[GIVEN INFORMATION — start]

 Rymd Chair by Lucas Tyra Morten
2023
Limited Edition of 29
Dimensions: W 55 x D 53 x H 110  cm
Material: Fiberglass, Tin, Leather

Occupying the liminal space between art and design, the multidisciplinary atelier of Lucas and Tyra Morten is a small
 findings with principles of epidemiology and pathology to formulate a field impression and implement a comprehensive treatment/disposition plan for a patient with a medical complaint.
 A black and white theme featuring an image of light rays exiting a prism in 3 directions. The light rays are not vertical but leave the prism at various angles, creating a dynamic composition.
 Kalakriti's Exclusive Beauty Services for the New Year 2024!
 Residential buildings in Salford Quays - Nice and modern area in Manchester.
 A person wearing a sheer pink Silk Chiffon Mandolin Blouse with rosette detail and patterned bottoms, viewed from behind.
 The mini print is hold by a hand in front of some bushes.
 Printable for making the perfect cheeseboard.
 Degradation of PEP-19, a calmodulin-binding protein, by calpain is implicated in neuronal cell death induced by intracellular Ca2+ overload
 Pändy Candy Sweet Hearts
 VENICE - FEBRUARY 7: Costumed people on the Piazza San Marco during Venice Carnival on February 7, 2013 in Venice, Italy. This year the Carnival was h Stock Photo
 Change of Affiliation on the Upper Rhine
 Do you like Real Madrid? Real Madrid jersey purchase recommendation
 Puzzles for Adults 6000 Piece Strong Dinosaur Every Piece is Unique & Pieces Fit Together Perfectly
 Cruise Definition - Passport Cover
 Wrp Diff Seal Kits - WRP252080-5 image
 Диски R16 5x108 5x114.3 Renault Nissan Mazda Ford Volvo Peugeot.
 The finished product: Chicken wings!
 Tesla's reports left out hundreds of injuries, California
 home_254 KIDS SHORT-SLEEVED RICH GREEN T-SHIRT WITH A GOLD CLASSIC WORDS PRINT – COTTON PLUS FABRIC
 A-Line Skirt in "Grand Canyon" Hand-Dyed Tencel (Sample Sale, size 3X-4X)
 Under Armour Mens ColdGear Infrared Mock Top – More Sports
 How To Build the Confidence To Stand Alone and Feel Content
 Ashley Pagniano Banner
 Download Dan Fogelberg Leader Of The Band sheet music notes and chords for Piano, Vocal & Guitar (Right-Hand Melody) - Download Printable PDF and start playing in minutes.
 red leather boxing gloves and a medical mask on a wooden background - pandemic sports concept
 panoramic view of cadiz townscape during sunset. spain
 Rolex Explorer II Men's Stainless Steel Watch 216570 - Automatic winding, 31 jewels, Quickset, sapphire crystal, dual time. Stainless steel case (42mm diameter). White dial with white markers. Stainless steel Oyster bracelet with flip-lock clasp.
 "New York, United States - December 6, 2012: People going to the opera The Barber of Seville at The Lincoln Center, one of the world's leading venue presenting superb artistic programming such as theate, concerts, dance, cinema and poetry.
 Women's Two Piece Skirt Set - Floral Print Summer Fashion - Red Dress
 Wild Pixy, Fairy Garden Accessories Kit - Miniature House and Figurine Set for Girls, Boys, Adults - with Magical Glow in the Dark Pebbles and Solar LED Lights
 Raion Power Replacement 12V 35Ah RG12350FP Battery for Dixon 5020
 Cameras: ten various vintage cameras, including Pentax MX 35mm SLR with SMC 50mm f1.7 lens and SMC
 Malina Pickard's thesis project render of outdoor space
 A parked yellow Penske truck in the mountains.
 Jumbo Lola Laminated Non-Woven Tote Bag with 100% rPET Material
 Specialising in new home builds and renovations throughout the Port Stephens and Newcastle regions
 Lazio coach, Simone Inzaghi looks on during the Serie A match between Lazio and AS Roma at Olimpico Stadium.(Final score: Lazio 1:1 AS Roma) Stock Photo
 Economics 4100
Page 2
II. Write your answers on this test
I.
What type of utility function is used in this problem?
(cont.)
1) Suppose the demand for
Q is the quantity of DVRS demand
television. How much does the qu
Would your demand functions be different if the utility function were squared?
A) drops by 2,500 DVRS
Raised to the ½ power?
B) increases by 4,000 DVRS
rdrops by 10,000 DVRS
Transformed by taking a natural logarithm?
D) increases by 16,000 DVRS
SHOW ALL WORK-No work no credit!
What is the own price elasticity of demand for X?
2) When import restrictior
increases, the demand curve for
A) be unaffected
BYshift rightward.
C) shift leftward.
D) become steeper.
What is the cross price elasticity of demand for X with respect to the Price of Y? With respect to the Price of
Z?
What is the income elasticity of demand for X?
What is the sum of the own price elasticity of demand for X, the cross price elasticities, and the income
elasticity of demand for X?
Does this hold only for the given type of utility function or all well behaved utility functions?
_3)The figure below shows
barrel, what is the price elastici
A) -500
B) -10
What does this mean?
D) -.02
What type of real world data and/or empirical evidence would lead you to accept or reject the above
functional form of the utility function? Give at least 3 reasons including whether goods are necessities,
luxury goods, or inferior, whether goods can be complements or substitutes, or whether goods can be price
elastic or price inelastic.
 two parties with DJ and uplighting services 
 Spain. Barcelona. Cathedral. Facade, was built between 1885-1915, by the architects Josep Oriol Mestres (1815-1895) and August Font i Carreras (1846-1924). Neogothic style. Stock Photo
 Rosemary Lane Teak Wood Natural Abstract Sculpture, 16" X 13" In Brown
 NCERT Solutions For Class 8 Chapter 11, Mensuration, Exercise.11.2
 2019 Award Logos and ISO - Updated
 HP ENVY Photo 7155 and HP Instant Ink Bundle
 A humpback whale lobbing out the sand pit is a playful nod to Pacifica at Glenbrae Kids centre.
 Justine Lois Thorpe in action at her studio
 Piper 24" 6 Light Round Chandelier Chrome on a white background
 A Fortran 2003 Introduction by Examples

[GIVEN INFORMATION — finish]

TASK INSTRUCTIONS >>
The answer must reproduce every record exactly.

PROBLEM SOLUTION >>
 Rymd Chair by Lucas Tyra Morten
2023
Limited Edition of 29
Dimensions: W 55 x D 53 x H 110  cm
Material: Fiberglass, Tin, Leather

Occupying the liminal space between art and design, the multidisciplinary atelier of Lucas and Tyra Morten is a small
 findings with principles of epidemiology and pathology to formulate a field impression and implement a comprehensive treatment/disposition plan for a patient with a medical complaint.
 A black and white theme featuring an image of light rays exiting a prism in 3 directions. The light rays are not vertical but leave the prism at various angles, creating a dynamic composition.
 Kalakriti's Exclusive Beauty Services for the New Year 2024!
 Residential buildings in Salford Quays - Nice and modern area in Manchester.
 A person wearing a sheer pink Silk Chiffon Mandolin Blouse with rosette detail and patterned bottoms, viewed from behind.
 The mini print is hold by a hand in front of some bushes.
 Printable for making the perfect cheeseboard.
 Degradation of PEP-19, a calmodulin-binding protein, by calpain is implicated in neuronal cell death induced by intracellular Ca2+ overload
 Pändy Candy Sweet Hearts
 VENICE - FEBRUARY 7: Costumed people on the Piazza San Marco during Venice Carnival on February 7, 2013 in Venice, Italy. This year the Carnival was h Stock Photo
 Change of Affiliation on the Upper Rhine
 Do you like Real Madrid? Real Madrid jersey purchase recommendation
 Puzzles for Adults 6000 Piece Strong Dinosaur Every Piece is Unique & Pieces Fit Together Perfectly
 Cruise Definition - Passport Cover
 Wrp Diff Seal Kits - WRP252080-5 image
 Диски R16 5x108 5x114.3 Renault Nissan Mazda Ford Volvo Peugeot.
 The finished product: Chicken wings!
 Tesla's reports left out hundreds of injuries, California
 home_254 KIDS SHORT-SLEEVED RICH GREEN T-SHIRT WITH A GOLD CLASSIC WORDS PRINT – COTTON PLUS FABRIC
 A-Line Skirt in "Grand Canyon" Hand-Dyed Tencel (Sample Sale, size 3X-4X)
 Under Armour Mens ColdGear Infrared Mock Top – More Sports
 How To Build the Confidence To Stand Alone and Feel Content
 Ashley Pagniano Banner
 Download Dan Fogelberg Leader Of The Band sheet music notes and chords for Piano, Vocal & Guitar (Right-Hand Melody) - Download Printable PDF and start playing in minutes.
 red leather boxing gloves and a medical mask on a wooden background - pandemic sports concept
 panoramic view of cadiz townscape during sunset. spain
 Rolex Explorer II Men's Stainless Steel Watch 216570 - Automatic winding, 31 jewels, Quickset, sapphire crystal, dual time. Stainless steel case (42mm diameter). White dial with white markers. Stainless steel Oyster bracelet with flip-lock clasp.
 "New York, United States - December 6, 2012: People going to the opera The Barber of Seville at The Lincoln Center, one of the world's leading venue presenting superb artistic programming such as theate, concerts, dance, cinema and poetry.
 Women's Two Piece Skirt Set - Floral Print Summer Fashion - Red Dress
 Wild Pixy, Fairy Garden Accessories Kit - Miniature House and Figurine Set for Girls, Boys, Adults - with Magical Glow in the Dark Pebbles and Solar LED Lights
 Raion Power Replacement 12V 35Ah RG12350FP Battery for Dixon 5020
 Cameras: ten various vintage cameras, including Pentax MX 35mm SLR with SMC 50mm f1.7 lens and SMC
 Malina Pickard's thesis project render of outdoor space
 A parked yellow Penske truck in the mountains.
 Jumbo Lola Laminated Non-Woven Tote Bag with 100% rPET Material
 Specialising in new home builds and renovations throughout the Port Stephens and Newcastle regions
 Lazio coach, Simone Inzaghi looks on during the Serie A match between Lazio and AS Roma at Olimpico Stadium.(Final score: Lazio 1:1 AS Roma) Stock Photo
 Economics 4100
Page 2
II. Write your answers on this test
I.
What type of utility function is used in this problem?
(cont.)
1) Suppose the demand for
Q is the quantity of DVRS demand
television. How much does the qu
Would your demand functions be different if the utility function were squared?
A) drops by 2,500 DVRS
Raised to the ½ power?
B) increases by 4,000 DVRS
rdrops by 10,000 DVRS
Transformed by taking a natural logarithm?
D) increases by 16,000 DVRS
SHOW ALL WORK-No work no credit!
What is the own price elasticity of demand for X?
2) When import restrictior
increases, the demand curve for
A) be unaffected
BYshift rightward.
C) shift leftward.
D) become steeper.
What is the cross price elasticity of demand for X with respect to the Price of Y? With respect to the Price of
Z?
What is the income elasticity of demand for X?
What is the sum of the own price elasticity of demand for X, the cross price elasticities, and the income
elasticity of demand for X?
Does this hold only for the given type of utility function or all well behaved utility functions?
_3)The figure below shows
barrel, what is the price elastici
A) -500
B) -10
What does this mean?
D) -.02
What type of real world data and/or empirical evidence would lead you to accept or reject the above
functional form of the utility function? Give at least 3 reasons including whether goods are necessities,
luxury goods, or inferior, whether goods can be complements or substitutes, or whether goods can be price
elastic or price inelastic.
 two parties with DJ and uplighting services 
 Spain. Barcelona. Cathedral. Facade, was built between 1885-1915, by the architects Josep Oriol Mestres (1815-1895) and August Font i Carreras (1846-1924). Neogothic style. Stock Photo
 Rosemary Lane Teak Wood Natural Abstract Sculpture, 16" X 13" In Brown
 NCERT Solutions For Class 8 Chapter 11, Mensuration, Exercise.11.2
 2019 Award Logos and ISO - Updated
 HP ENVY Photo 7155 and HP Instant Ink Bundle
 A humpback whale lobbing out the sand pit is a playful nod to Pacifica at Glenbrae Kids centre.
 Justine Lois Thorpe in action at her studio
 Piper 24" 6 Light Round Chandelier Chrome on a white background
 A Fortran 2003 Introduction by Examples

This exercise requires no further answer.